La situation des peuples autochtones devient de plus en plus préoccupante dans le territoire de Nyiragongo (Nord-Kivu). Cette communauté, déjà fragilisée par des années de conflits armés et de déplacements forcés, font aujourd’hui face à un abandon quasi total, selon Ladislas Witanene, acteur social et défenseur des droits de peuple autochtone.
Ladislas Witanene indique que l’insécurité grandissante dans la région aggrave davantage la vulnérabilité de ces peuples, les exposant à « des violences, à la faim et à la marginalisation ».
Il dénonce cette situation qu’il qualifie d’« inacceptable ». Ce défenseur des droits humains estime que les autorités congolaises ainsi que les partenaires humanitaires doivent agir en urgence pour « garantir la protection et la dignité de cette communauté » .
Celui-ci ajoute que cette catégorie de congolais ne doit pas être oubliée. Pour lui, les peuples autochtones ont « les mêmes droits que tous les citoyens », soulignant qu’il est urgent de « mettre en place des mécanismes d’accompagnement, d’accès à la terre et aux services sociaux de base ».

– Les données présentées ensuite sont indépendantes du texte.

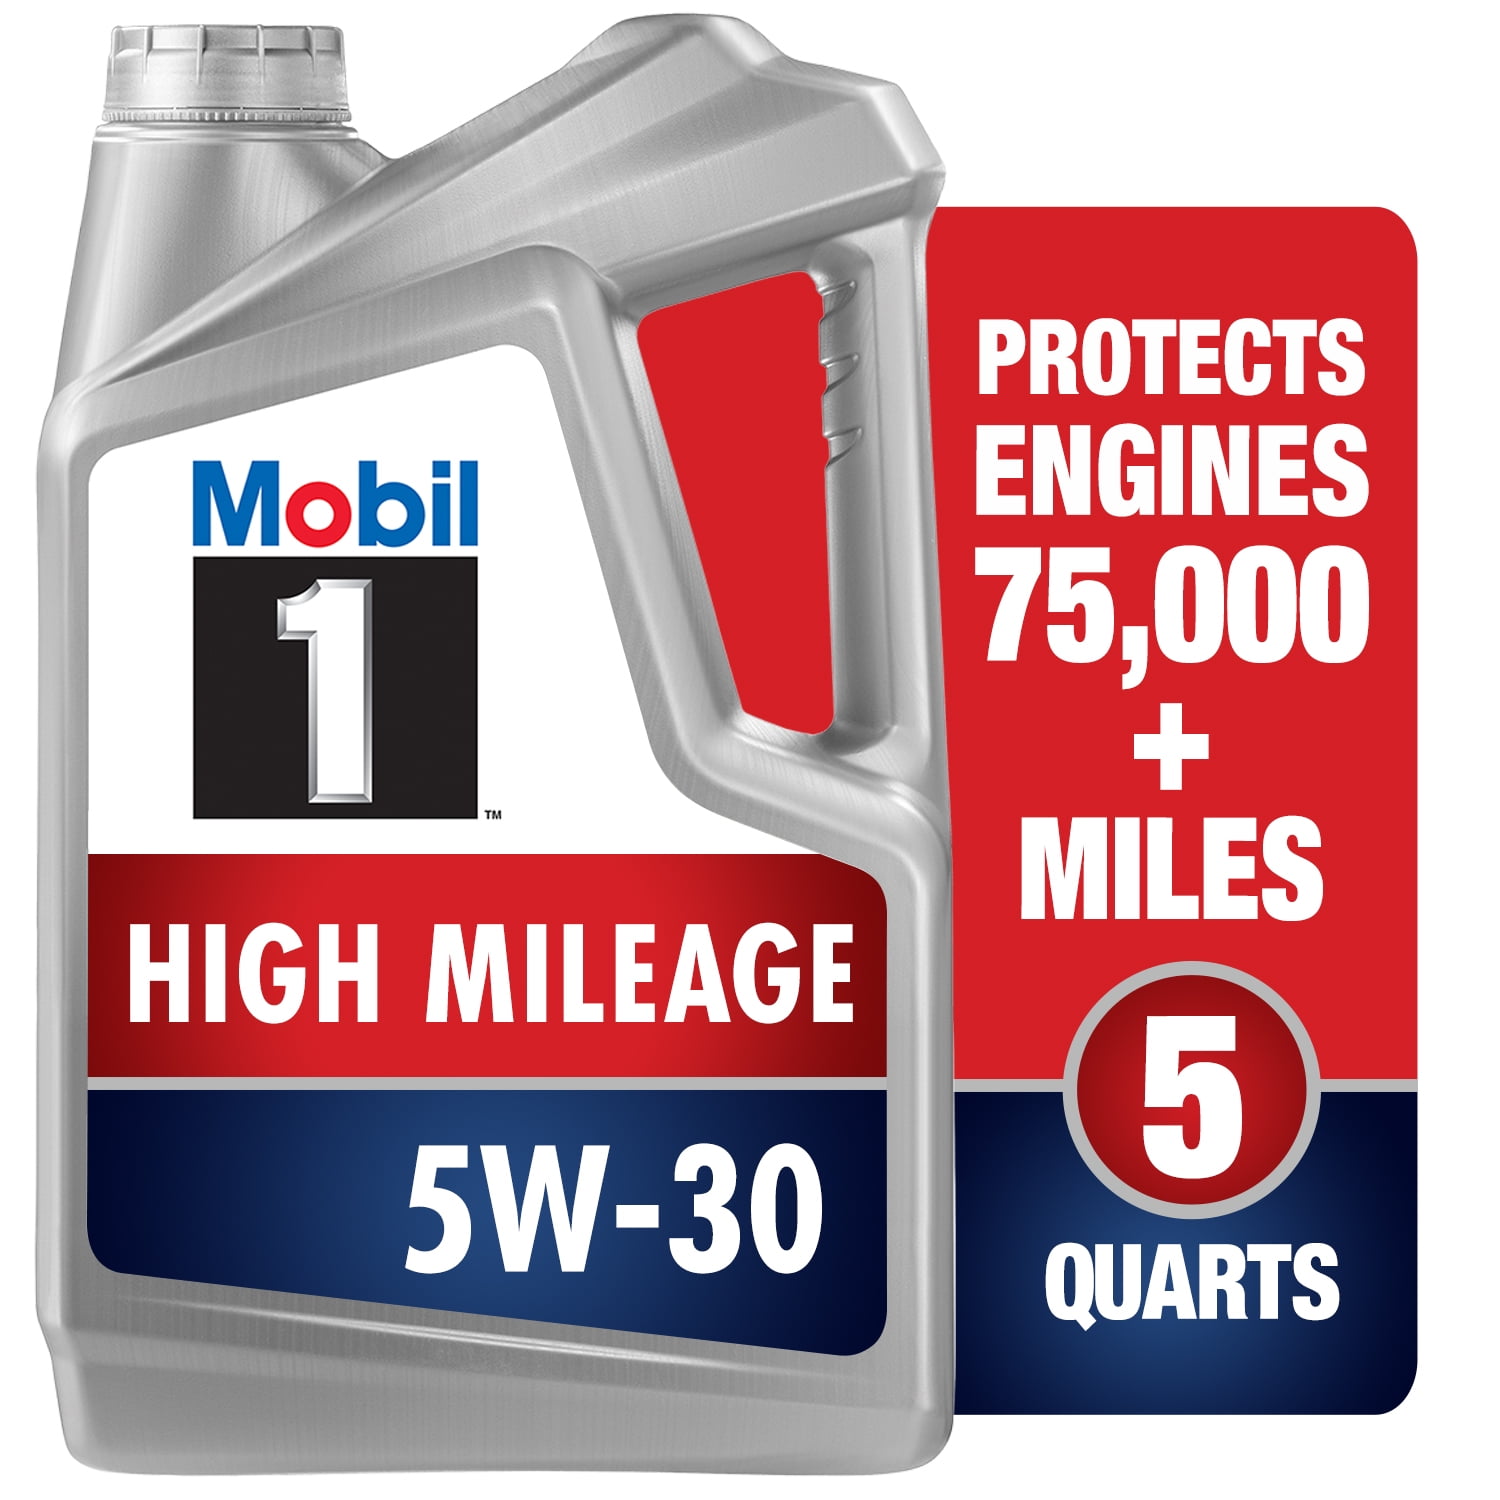 Mobil 1 High Mileage Full Synthetic Motor Oil 5W-30, 5 qt

Ce défenseur des droits humains insiste également sur la nécessité d’« impliquer les pygmées (Batwa) dans les décisions qui les concernent » notamment dans les programmes de développement et de gestion des ressources naturelles.
Ce plaidoyer pour les peuples autochtones vise à reconnaître leurs droits, particulièrement face à l’exclusion et aux menaces sur leurs terres ancestrales. Il s’agit de garantir leur participation aux décisions, protéger leurs savoirs traditionnels et appliquer les lois existantes, comme celle de 2022 en République démocratique du Congo.